Реализация портретного времени. Врач-скульптор восстанавливает утраченного пациентом зеркального двойника путем снятия лишнего, как будто этот образ находится внутри пластилинового яйца; его работа часто похожа на реконструкцию. В каком-то смысле лечебный портрет историчен, – ведь врач не просто дает здоровье, но возвращает его. Следовательно, портретное время направлено и в будущее и в прошлое. Благодаря ритмичным движениям между прошлым и будущим, путем свертывания и развертывания пластического субстрата, соединения и разъединения прошлого и будущего в настоящем, снятия одного слоя за другим рождается портретное время, осуществляется портретная психотерапия, возникает течение времени. "Когда человек перестает любить, – говорил А. Ш., – он окукливается, а когда приходит любовь, осознается связь, он идет к красоте, ощущает вкус времени".

Благодаря строгой направленности портретного времени врачу приходится следовать за произвольно меняющимися выражениями лица пациента, повторять их в мягком материале, отражая истинные и иллюзорные изменения размеров и формы, пока будет достигнута стабилизация образа и состояния пациента в финале. Врач вначале двигается рядом с больным, затем подходит все ближе к нему, наконец, как бы сливается с ним, замещая его, опираясь на то здоровое начало, которое в нем живо. Прохождение этого пути и есть лечение.
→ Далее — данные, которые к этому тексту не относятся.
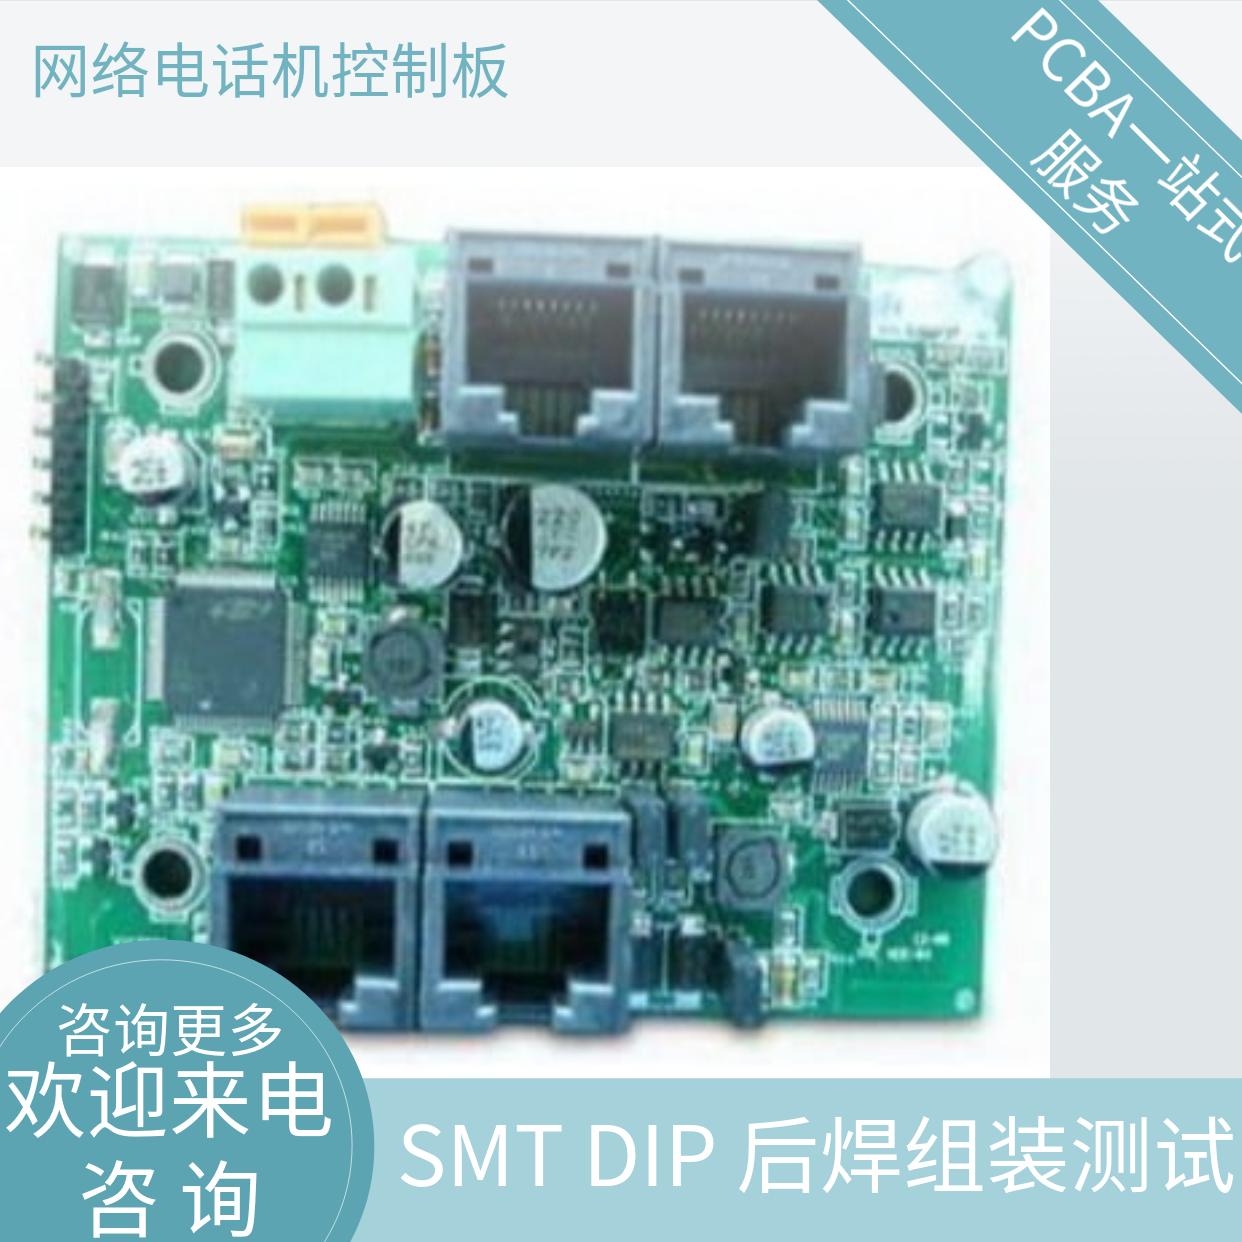 SMT贴片加工,插件后焊,组装,PCBA,电话机主板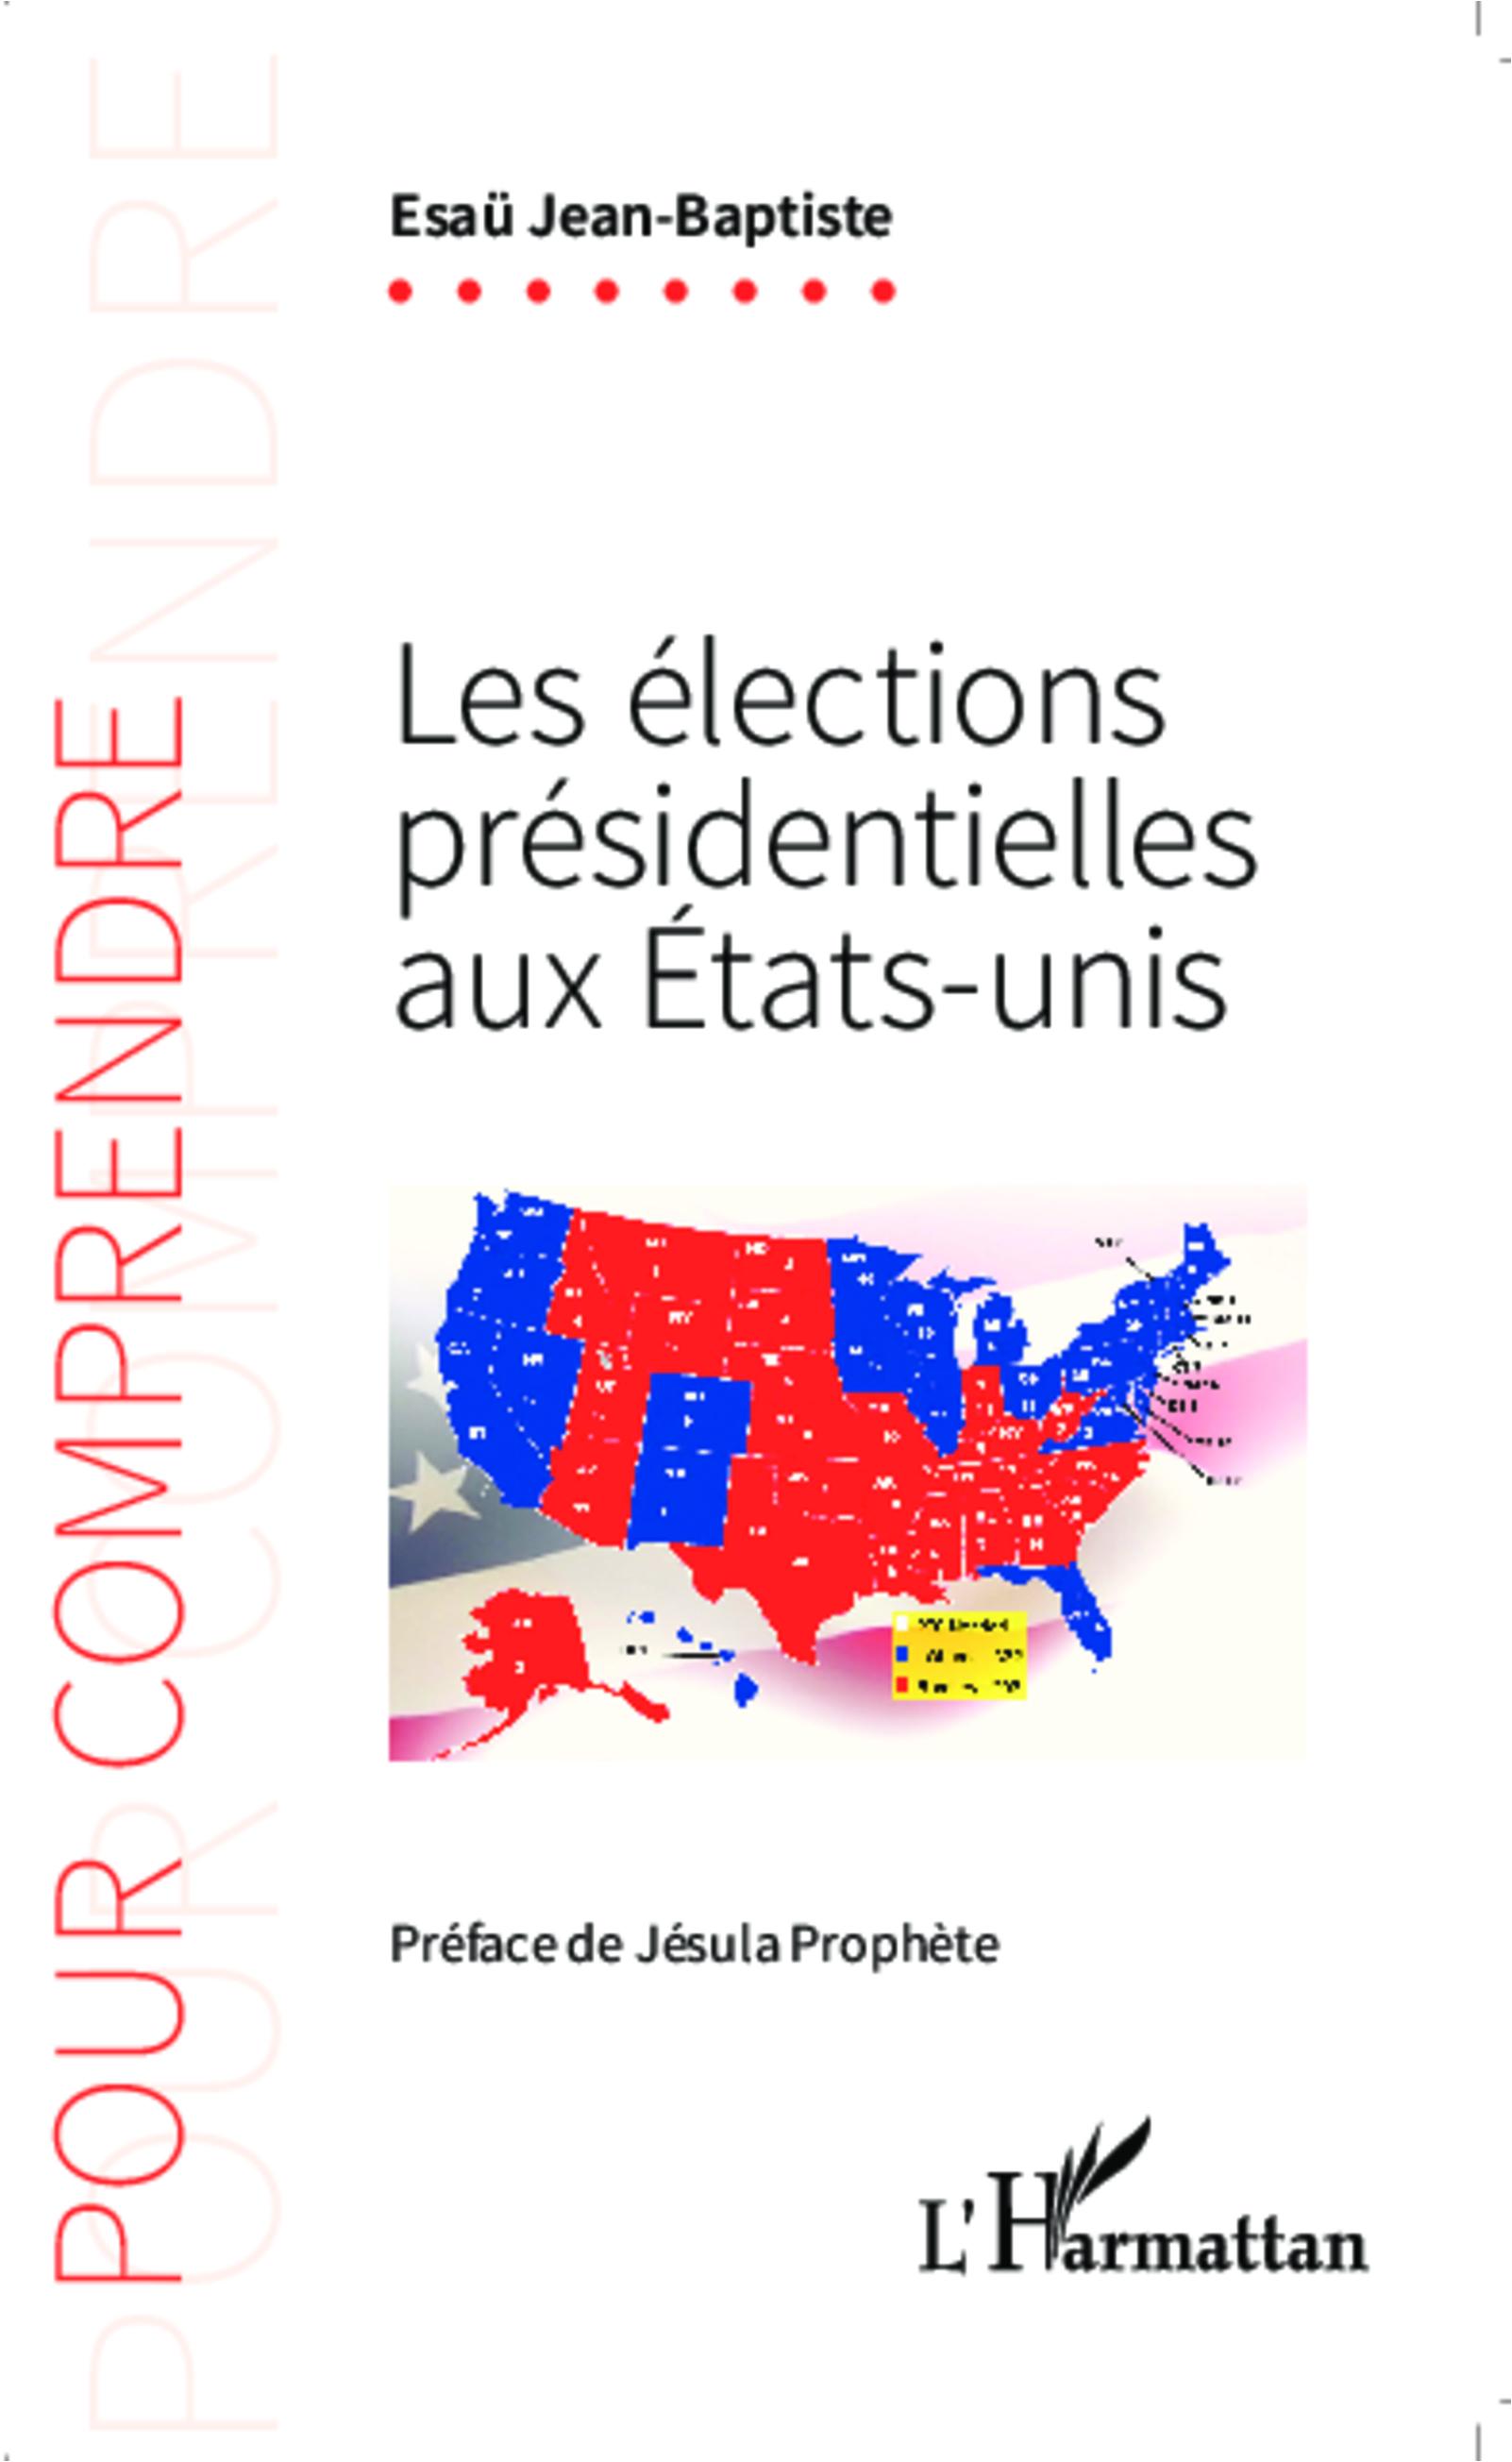 Les lections pr sidentielles aux etats unis esa jean baptiste livre ebook epub - Election presidentielle etats unis ...

Динамику текущего состояния модели скульптор как врач должен описать в клинических терминах. В этом отношении его результат суммарный, тогда как у художника результат один, пусть даже многократно конкретизированный. Более того, нередко снабженная вторичными признаками образа (шляпа, веер и т. п.), посаженная в определенной позе модель напрягается, чтобы не отклониться от заданной художником цели. Здесь присутствует фактор перевоплощения. А в терапевтическом портрете – фактор самоидентификации. Поэтому мы расцениваем работу художника как творческий акт, а врача – как творческий процесс, состоящий из множества отрезков, мгновений творчества. Больные часто говорят друг другу: "пойду лепиться", "ты уже лепилась?", "полепите меня, что-то голова болит" – так не выражаются в мастерской художника.

Благодаря собственной дискретности, возникающей в замкнутом пространстве (врач, больной, портрет), портретная психотерапия получает шанс на лечение психоза, точно так же как художник имеет шанс на создание произведения искусства. Это пространство открывается лишь один раз, когда законченный портрет переходит из персональной сферы в социальную – признается готовым, похожим на оригинал. Время портрета, вливаясь в часовое, приобретает свойство ретроспекции, а сам больной в силу своей адекватности и внутренней идентичности может претендовать на место в обществе. О том, насколько труден и знаменателен этот прорыв "затаенного дыхания" для наших пациентов и врачей, мы опишем в главе о катарсисе.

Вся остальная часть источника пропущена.